Dietary intake (Table 3; calculated for a 100 g FM serving consumed by a 70 kg adult, using EFSA Scientific Committee default body-weight):

  • JECFA PTWI for Pb: 0.025 mg/kg BW per week → 1.50 mg Pb/week → 0.214 mg Pb/day for a 70 kg adult.
  • Wild-mushroom Pb intakes ranged from 0.0009 mg/100 g FM (Boletus chrysenteron) to 0.0295 mg/100 g FM (Macrolepiota procera, the highest); cultivated 0.0002–0.0010 mg/100 g FM. Even the highest single-serving Pb intake was ~7-fold below the PTWI-equivalent daily ceiling.
  • JECFA PTMI for Cd: 0.025 mg/kg BW per month, equivalent to 0.0008 mg/kg BW per day → PDI 0.056 mg Cd/day for a 70 kg adult.
  • Wild-mushroom Cd intakes ranged from 0.0004 mg/100 g FM (Russula heterophylla) to 0.068 mg/100 g FM (Rozites caperatus). Rozites caperatus (0.068) and Boletus chrysenteron (0.061) both exceed the PDI derived from PTMI in a single 100 g FM serving.
  • Cultivated-mushroom Cd intakes ranged 0.001–0.010 mg/100 g FM (lowest Agaricus bisporus, highest Pleurotus ostreatus).

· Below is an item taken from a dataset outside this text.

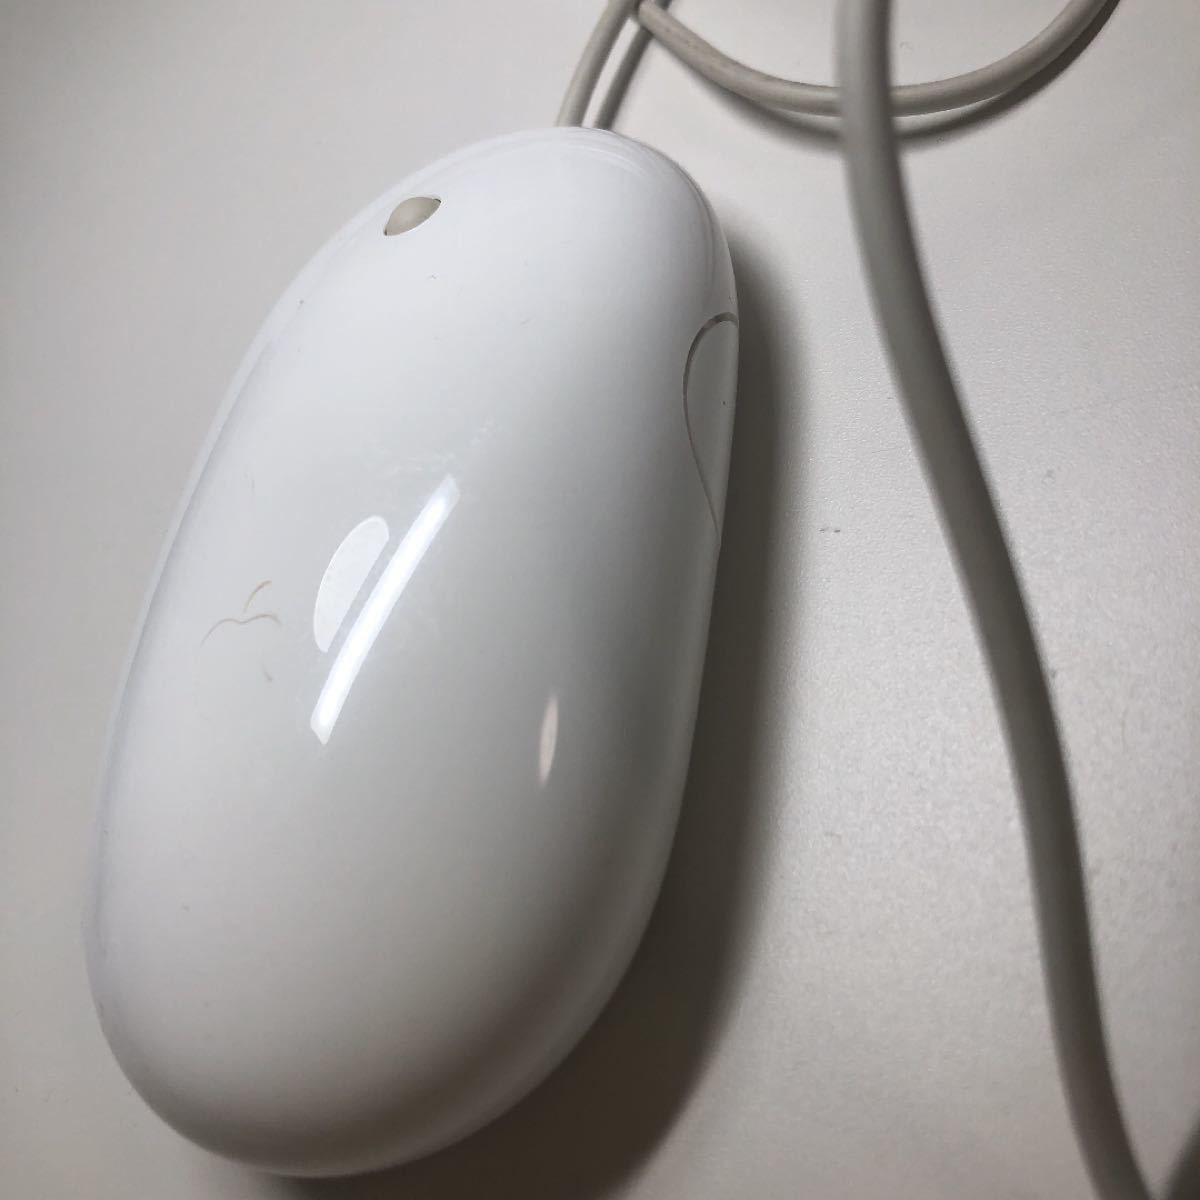 ★apple 純正 有線USBマウス A1152 中古動作品 Apple Mighty Mouse Mac マイティマウス

Chemical-equivalent ranking (Fig. 2): Boletus chrysenteron and Rozites caperatus were the two most contaminated species when Pb and Cd were combined as chemical equivalents (molecular weight divided by valence, summed per species). Macrolepiota procera was the highest among the remaining species on the chemical-equivalent ranking.

Methods (brief)

Wild mushrooms were collected during 2007–2010 from six communal areas of Podlaskie Province (eastern Green Lungs of Poland); three specimens per species were harvested in distant locations to avoid same-mycelium origin, fully developed and non-verminated. Cultivated mushrooms (Agaricus bisporus white-button, Pleurotus ostreatus, Lentinus edodes) from Polish cultivations were purchased at local food markets. Fruiting bodies were cleaned, cut, air-dried to constant mass, and pulverized in a grinder; dried samples stored in a desiccator at room temperature. Approximately 0.300 g of dried sample was digested in 4 mL concentrated nitric acid in an automatic microwave digestion system (Speedwave, Berghof, Germany). Total lead and total cadmium were quantified by inductively coupled plasma mass spectrometry (ICP-MS, NexION 300D, PerkinElmer, USA). Method accuracy was verified against certified reference material Corn Flour INCT-CF-3 (Institute of Nuclear Chemistry and Technology INCT, Warsaw, Poland). Detection limits: Pb = 0.16 µg/L; Cd = 0.017 µg/L. Repeatability (coefficient of variation): Pb = 2.6%; Cd = 3.5%. Concentrations were reported on both dry-mass (DM) and fresh-mass (FM) basis; moisture content was determined per sample. Chemical equivalents (molecular weight divided by valence) were used to rank species by combined Pb + Cd burden. Descriptive statistics (minimum, mean, maximum, SD) were computed in Microsoft Excel 2010.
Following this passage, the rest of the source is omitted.